Work instruction:
Under this line sits a listing. Repeat exactly and only its lines from the one holding "Tesla Model 3 >>" through the one holding "Dkny Asymmetric Skirt"; skip pictures.

The records:
┌──

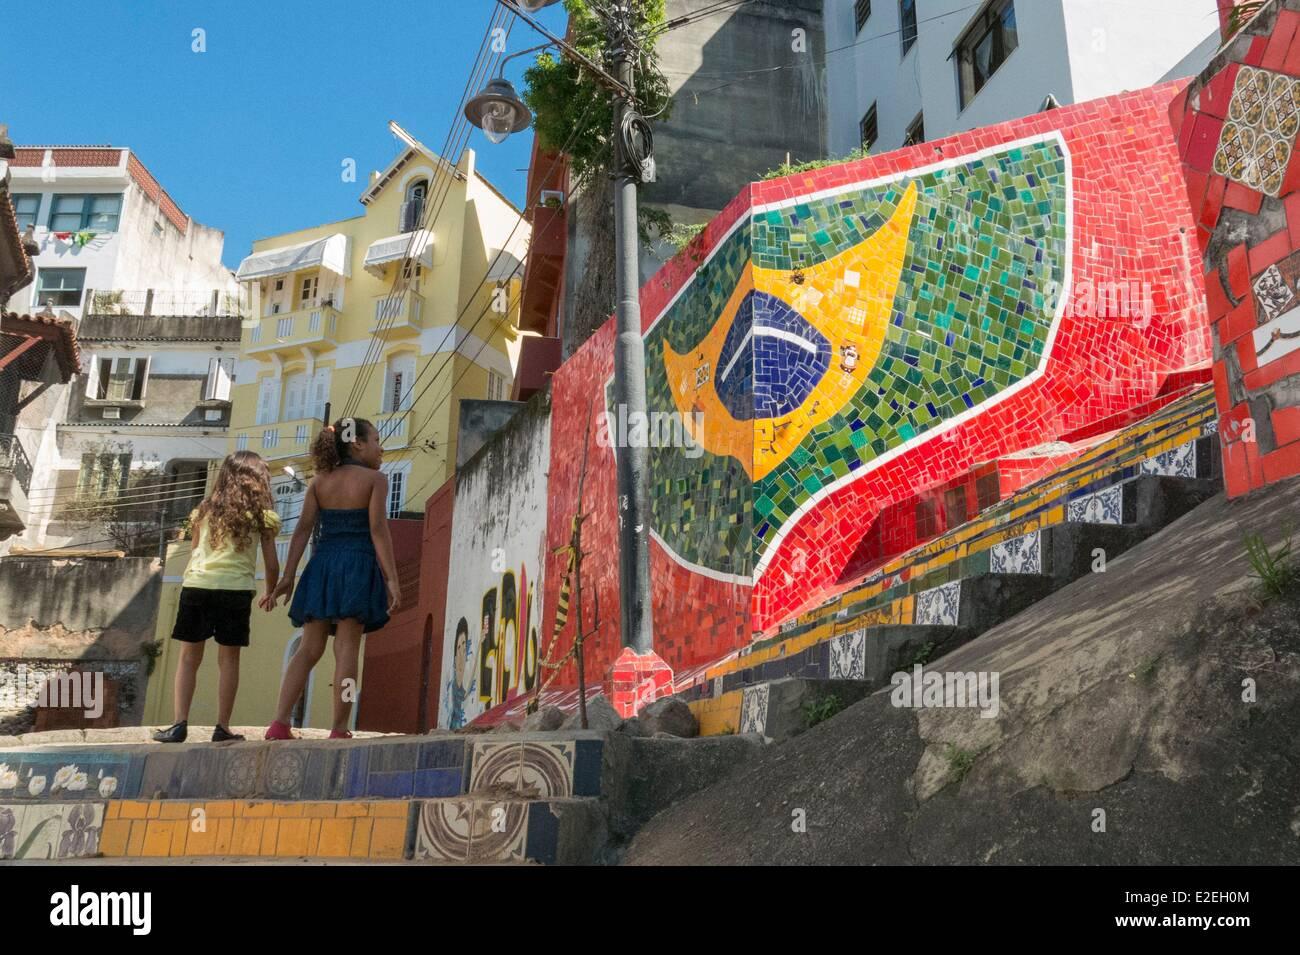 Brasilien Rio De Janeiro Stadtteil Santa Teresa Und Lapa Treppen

└──
┌──

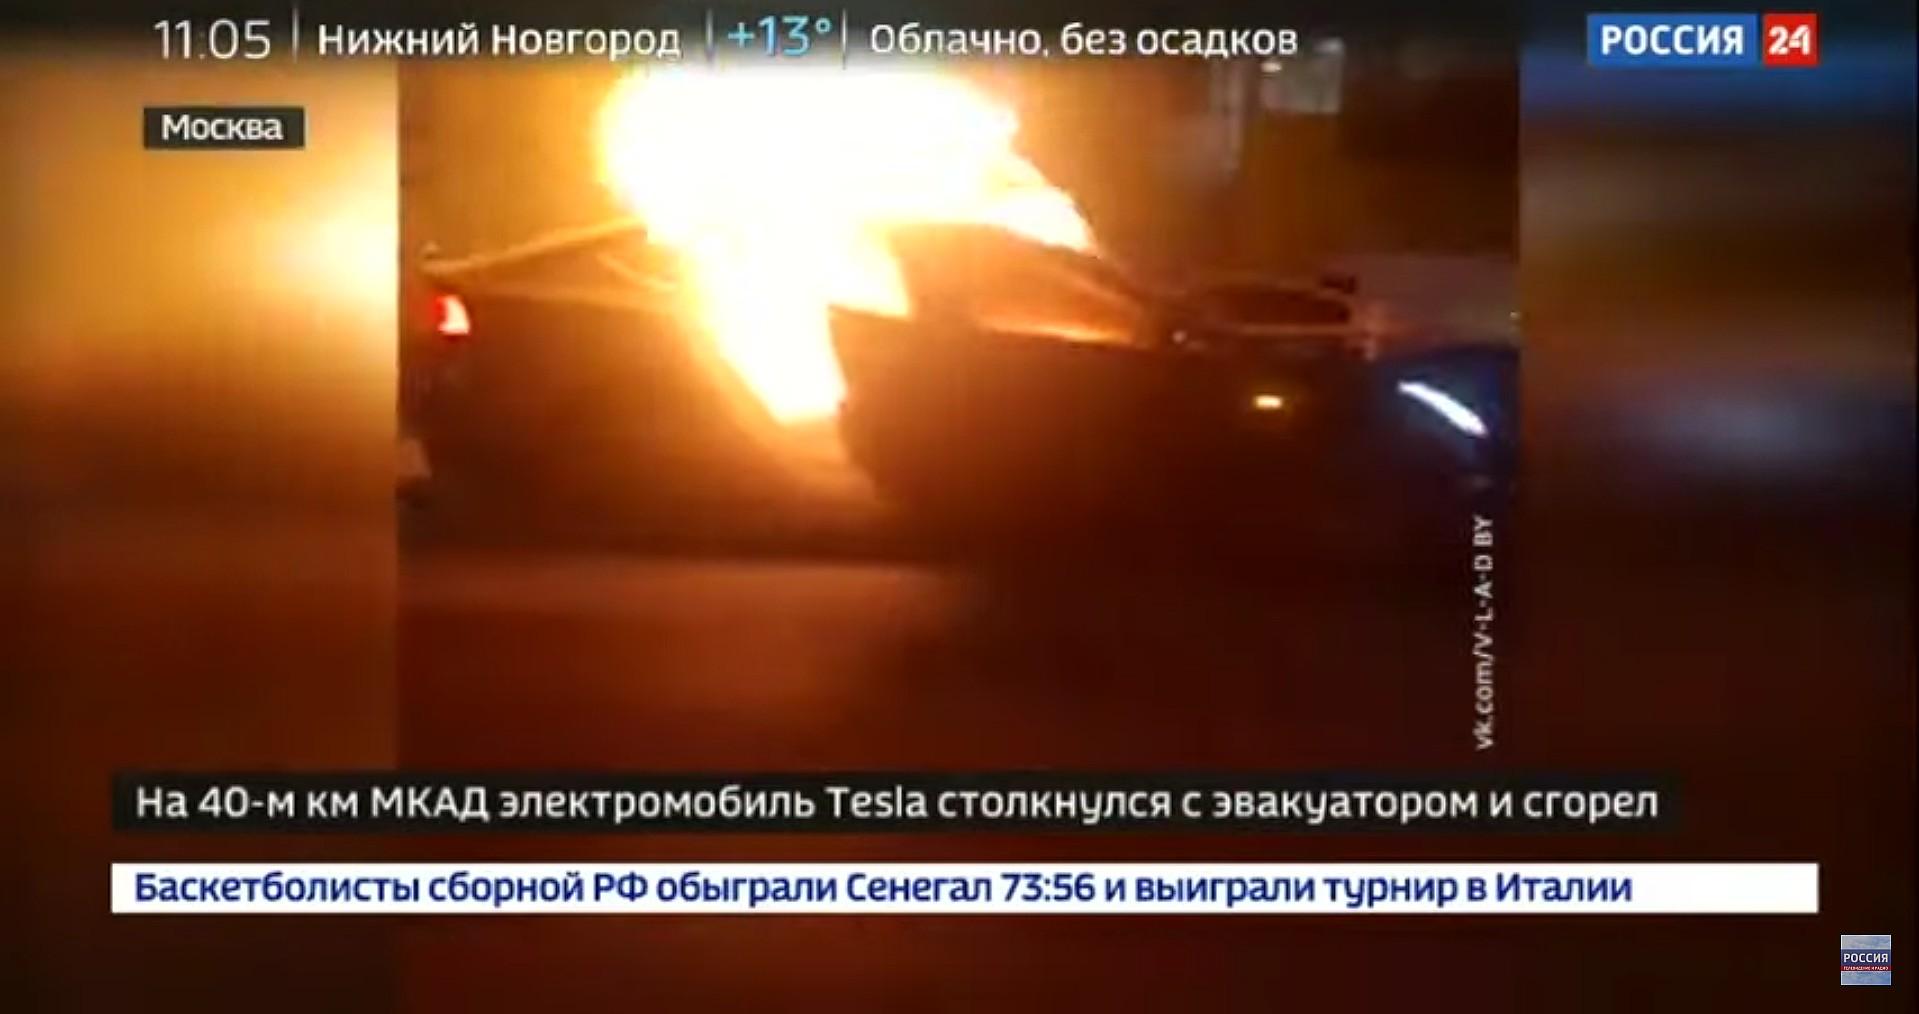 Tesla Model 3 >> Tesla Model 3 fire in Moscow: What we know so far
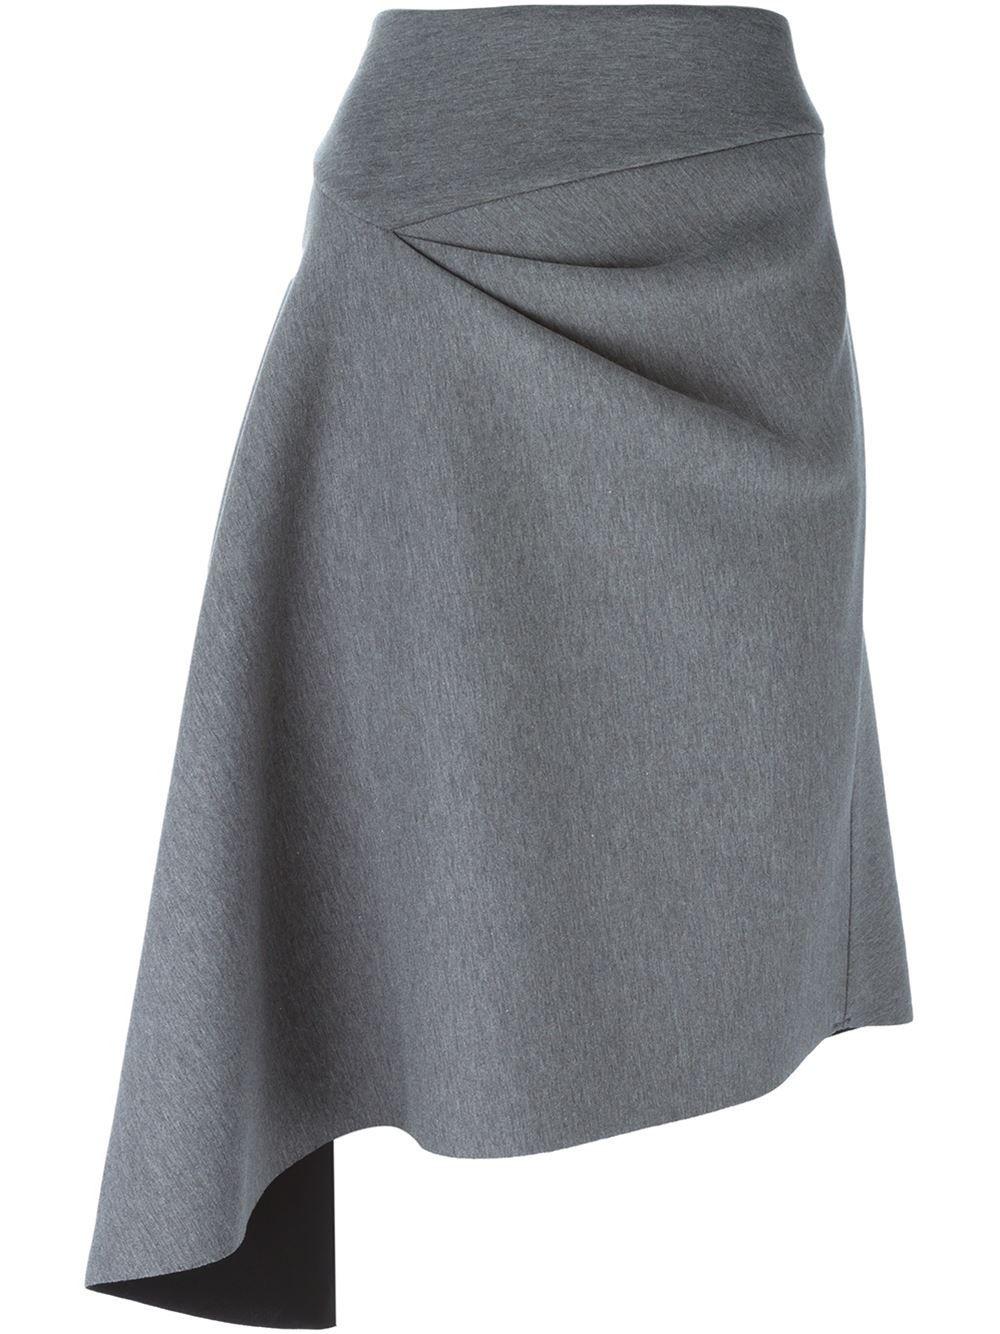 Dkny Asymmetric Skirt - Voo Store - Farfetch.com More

└──

Exercise output:
 Tesla Model 3 >> Tesla Model 3 fire in Moscow: What we know so far
 Dkny Asymmetric Skirt - Voo Store - Farfetch.com More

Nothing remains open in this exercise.